Otherwise, the PM warned, "Parliament will have to consider what actions it's going to take to make sure that it's intentions are put into place."
CONTROVERSY
All of which sparked much heated controversy in other political quarters (and some truly lamentable journalism).
Quebec Premier Jean Charest wholeheartedly agreed with the PM, calling the matter a "bad decision."
Lawrence Cannon, the federal transport minister from Quebec, said: "Political correctness has superceded common sense.
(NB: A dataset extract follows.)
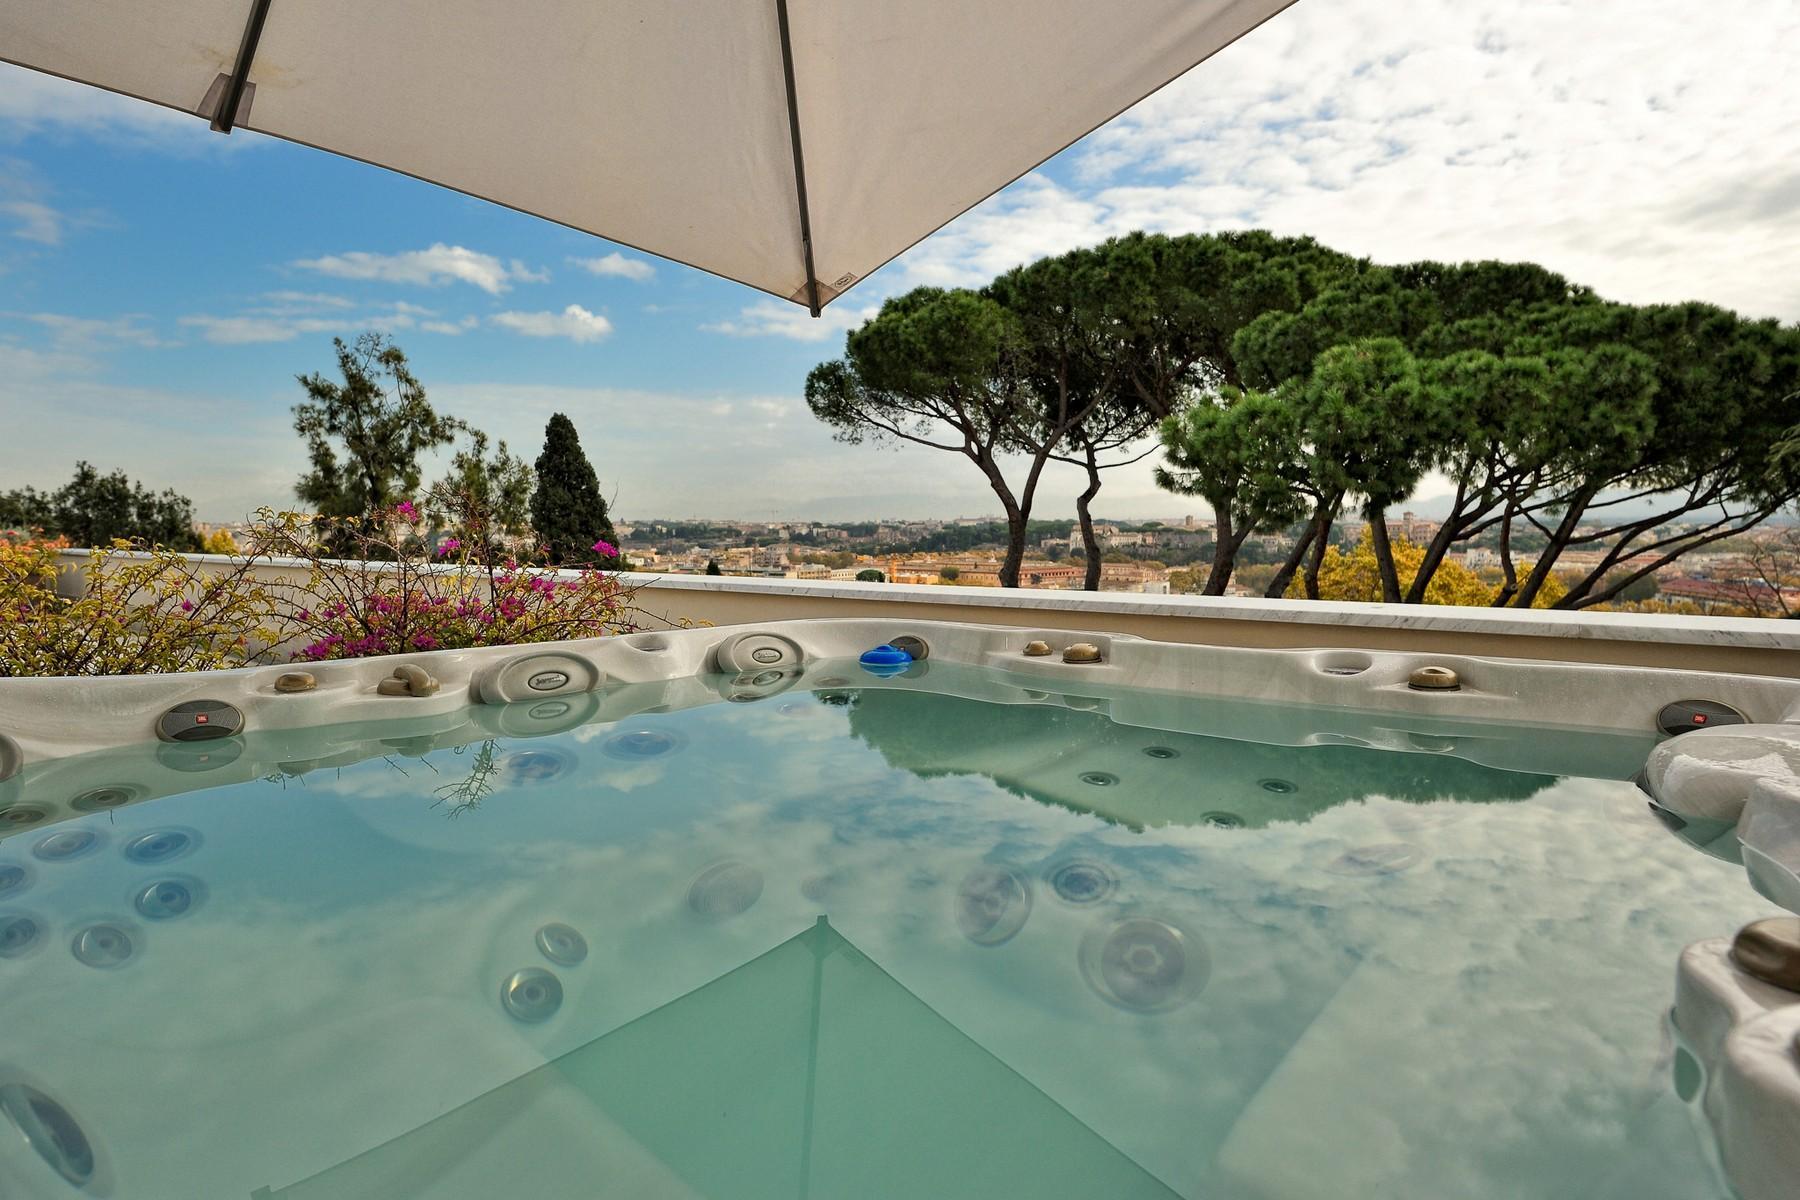 Villa Calandrelli, Charme und Stil im grünen Herzen Roms - 5

These are the kinds of things ordinary people don't understand."
One of the reasons ordinary folk might be confused is that most of the aforementioned commentary from Harper et al is at best misinformed.
Elections Canada didn't "decide" anything new.
In response to inquiries from reporters covering the federal byelections, the agency simply reiterated the government's "statutory requirements regarding the identification of electors wearing face coverings."
Far from the federal electoral office "making its own laws," as the PM claims, it is simply enforcing changes to the Elections Act passed by Harper's own government last year.
Those changes were based on hearings and an extensive report last year by a parliamentary committee which, in turn, was reviewing the 2005 recommendations of the then-chief electoral officer.
After all that, parliamentarians decided in their collective wisdom that the best way to deal with the veiled voter issue was to find other ways for Muslim women to vote.
If the prime minister "profoundly" disagreed with that decision, as he now says, he forgot to mention it at the time his government was passing the legislation.
The other problem legislators have recognized is there really isn't much of a problem.
More than 80,000 Canadians voted in the last election by mail-in ballot, no facial recognition required.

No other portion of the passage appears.